In [12]:
import numpy as np 
import pandas as pd 
import scipy as sp
import sklearn 

import random
import time

# Model Algoriths
from sklearn import svm, tree, linear_model, neighbors, naive_bayes, ensemble, discriminant_analysis, gaussian_process
from xgboost import XGBClassifier # conda install -c conda-forge xgboost

#Model Helpers
from sklearn.preprocessing import OneHotEncoder, LabelEncoder
from sklearn import feature_selection
from sklearn import model_selection
from sklearn import metrics

#Visualization
import matplotlib as mpl
import matplotlib.pyplot as plt
import matplotlib.pylab as pylab
import seaborn as sns
from pandas.plotting import scatter_matrix

#Configure Visualization Defaults
#%matplotlib inline = show plots in Jupyter Notebook browser
%matplotlib inline
mpl.style.use('ggplot')
sns.set_style('white')
pylab.rcParams['figure.figsize'] = 12,8

# Files live in the same folder as this notebook. 
submission_example = pd.read_csv('gender_submission.csv')
train = pd.read_csv('train.csv')
test = pd.read_csv('test.csv')

# Making a copy to play with. 
data1 = train.copy(deep = True)

# Making a list of both trains so we can clean them at once later.
data_cleaner = [data1, train]

Now that we're familiar with the data we need to first clean it.

The 4 C's:
Correcting - remove broken data. Like if age is 800 somewhere or something. Doesn't look like it.

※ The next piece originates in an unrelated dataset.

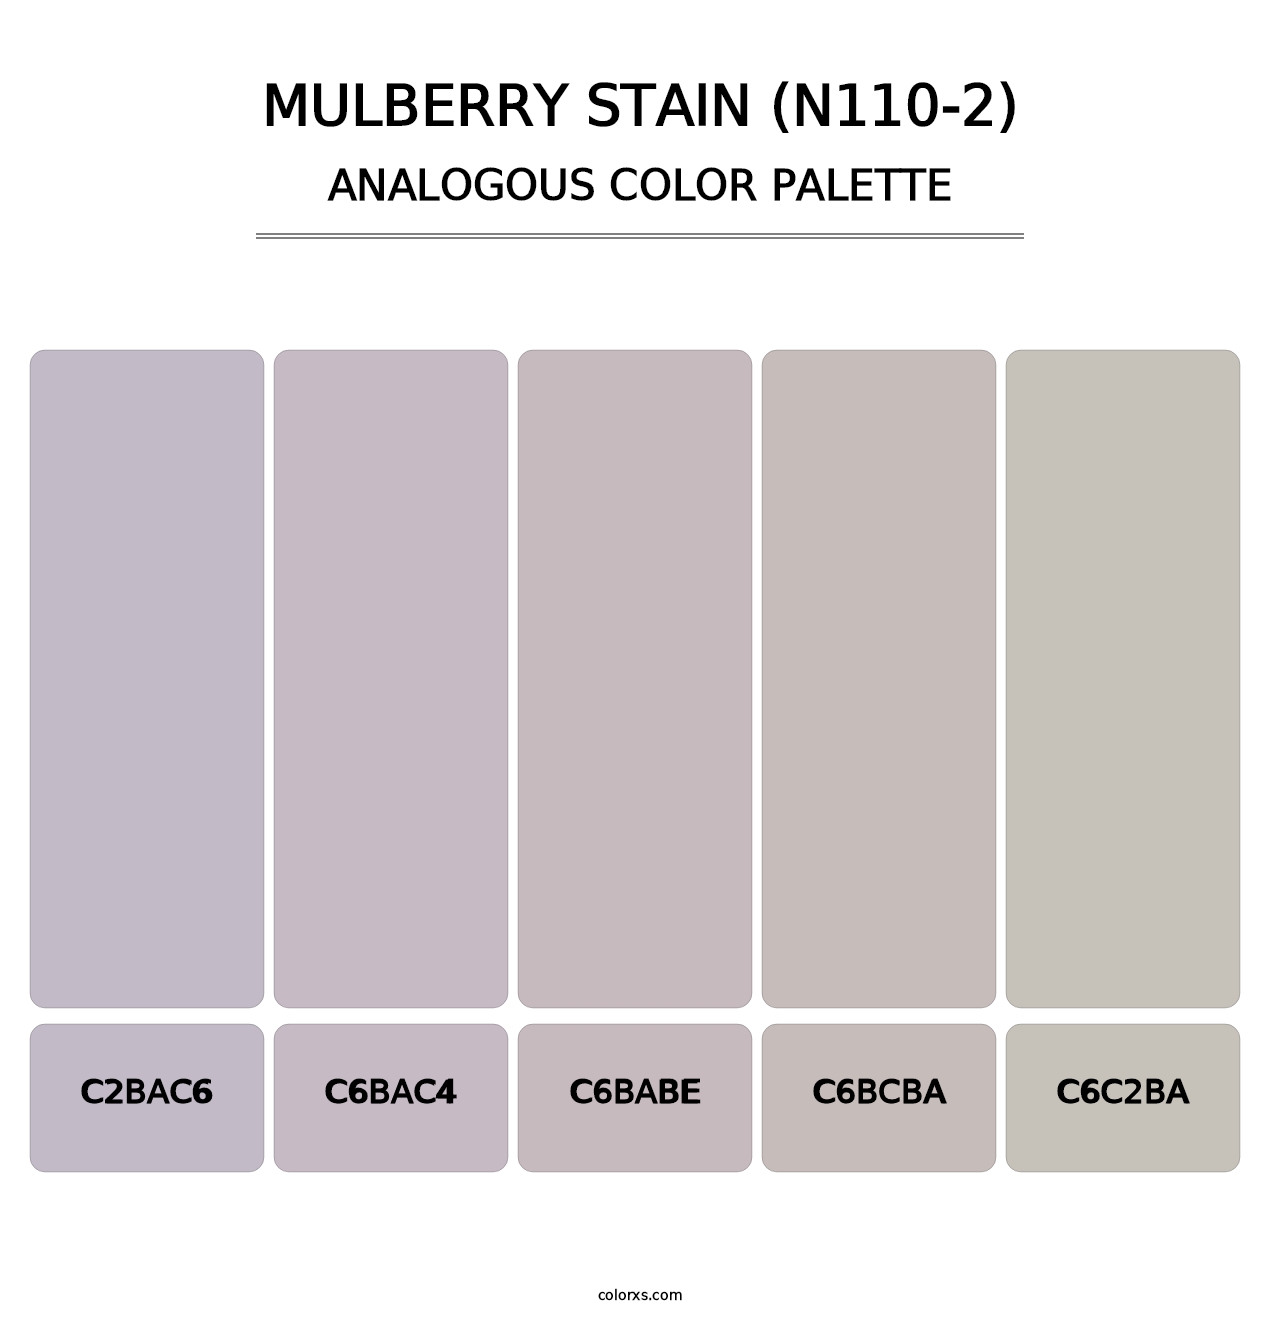 Mulberry Stain (N110-2) - Analogous Color Palette

Completing - filling null values. Many algorithms don't know how to deal so we need to fix. We need to impute missing values especially for age. We might need to change this process if we realize that filling it with the mean or something isn't working well. What I'm reading suggests we should use the median for age, drop the 'cabin' column and use mode to impute 'embark'. 

Create - Feature engineering

Converting - changing over dates or data types that don't work well. 

In [19]:
# train.info()
# train.describe()
# train.sample(10)

# going to work on having prettier print functions in this notebook.

# print('Train columns with null values:\n', data1.isnull().sum())
# print("-"*10)

# print('Test columns with nulls:\n', test.isnull().sum())
# print("-"*10)

# looks like the ratio of missing age and cabin are the same across the train and test sets.
# proof the sample is actually random between the two. 
# We need to fix these two columns along with Embarked if we can hope to model correctly.
# in the future I would make several different versions of these dataframes,
# testing different imputation methods to see which one works the best. 

In [16]:
# Filling the data

for dataset in data_cleaner: # do em both at once
    # Fill missing age
    dataset['Age'].fillna(dataset['Age'].median(), inplace = True) # this doesn't work well without inplace
    
    # fill embarked
    dataset['Embarked'].fillna(dataset['Embarked'].mode()[0], inplace = True)
    
    # fill missing fare with median
    dataset['Fare'].fillna(dataset['Fare'].median(), inplace = True)
    
    # we need to drop Passenger ID and ticket because they're just random identifiers with no purpose
    # we also want to drop Cabin because it has too many Nulls

drop_column = ['PassengerId', 'Cabin', 'Ticket'] # make a list it's easier
data1.drop(drop_column, axis=1, inplace = True) # axis means column, inplace makes it persistent without needing to make a new variable



# Time to create some features for both datasets. 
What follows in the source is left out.